Among disease characteristics in our cohort, lung and lymph nodes metastases seemed to be favourable prognostic factors, while liver involvement emerged as a negative feature. Accordingly, a growing number of studies have been suggesting that ICI treatment may have a differential outcome based on the type of metastatic involvement. In particular, liver metastases have been independently associated with poorer survival in the real-world setting [16, 17]. Likewise, the updated follow-up of CheckMate 017 and CheckMate 057 demonstrated in the experimental arm 3-year OS of 8% vs. 17% in patients with liver metastases compared to the whole population [18]. Consistently, a cohort from Keynote 001 evaluating another anti-PD1 pembrolizumab confirmed a reduced response rate (28.6% vs. 56.7%) and shortened PFS in NSCLC patients with liver metastasis (mPFS 1.8 vs. 4 months, P = 0.0094), compared to those without liver metastasis [22]. To this end, accumulating preclinical evidence is shedding light on the differential response and clinical benefit seen with anti-PD1 agents according to metastatic sites and specifically on the poorer prognosis of patients with liver metastases.

It was demonstrated that liver metastases seem to be “colder” than a primary tumour or lung and lymph node metastases [23]. In addition, in the liver microenvironment, T cells have been shown to interact with sinusoidal endothelial cells, resulting in differentiation of the T cells into a Treg phenotype and/or in partial activation of the T cells, followed by passive cell death [24]. More interestingly, circulating levels of Eotaxin-2 and IP-10 that are chemokines attracting immunosuppressive immune cells have been reported to be higher in patients with liver metastatic involvement from both melanoma and colorectal cancer, further pointing toward unique immunosuppressive mechanisms sustained by liver metastases.
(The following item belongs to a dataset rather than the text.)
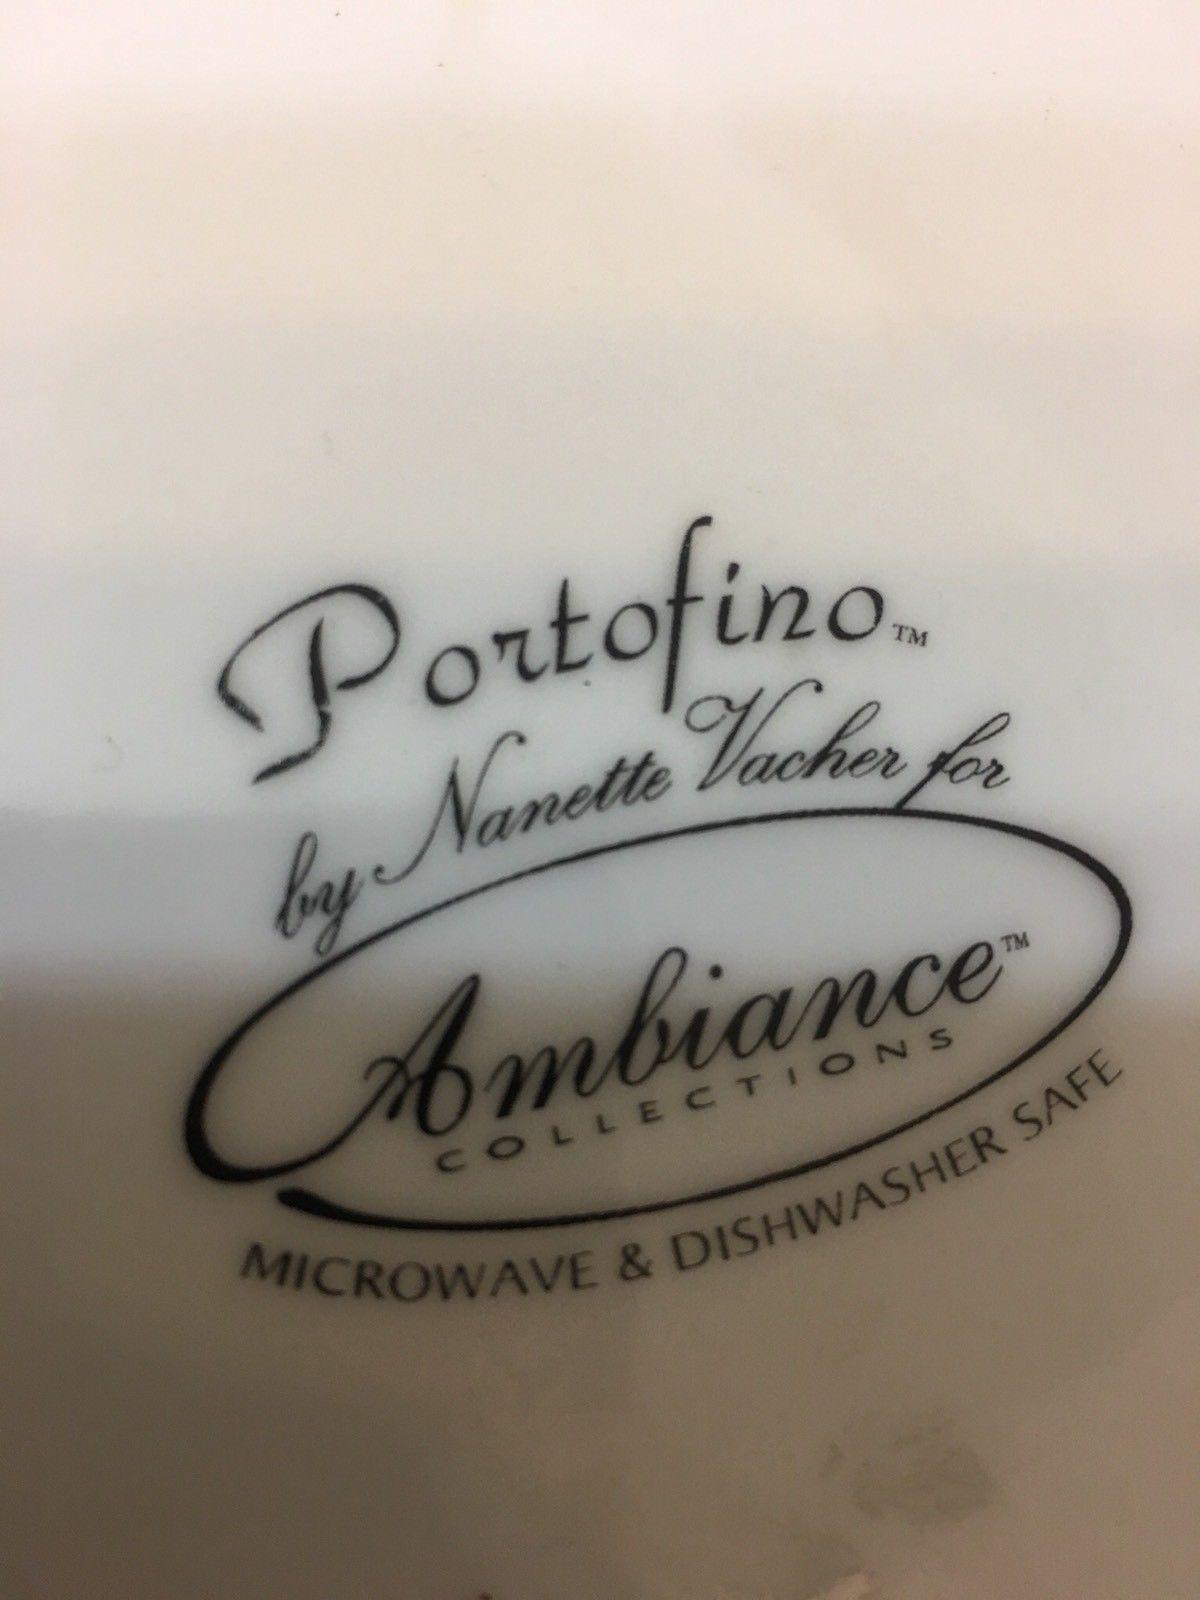 RARE large Nanette Vacher Ambiance Collection Portofino pitcher blue flowers

In the present study, we investigated the role of clinical features in order to build a nomogram enabling individualized OS estimation in a real-world cohort of advanced NSCLC receiving the anti-PD1 agent nivolumab as second- or later line of treatment. The prognostic nomogram is based on readily available, inexpensive and easily-to-collect patient (ECOG PS) and disease variables (liver and lung metastases).

The present study has some limitations to be acknowledged. This is a retrospective bicentric cohort study with a 11-month follow up and a relatively small sample size, thereby with potential for inherent biases. Still, the lack of data regarding PD-L1 expression determined by using the Tumor Proportion Score is another shortcoming of the analysis. Finally, external prospective validation is required to assess reproducibility and generalizability of our results.

Conclusion

We developed an easy-to-use and inexpensive device to assist the clinician with a quantitative tool to predict OS probability in NSCLC treated with nivolumab in the clinical practice. The nomogram was built on the basis of clinico-pathological variables which retained independent prognostic value in the MVA and showed an adequate performance. While waiting for novel biomarkers, this prognostic tool could be valuable to more accurately driving treatment decision in daily practice and enrollment onto clinical trials.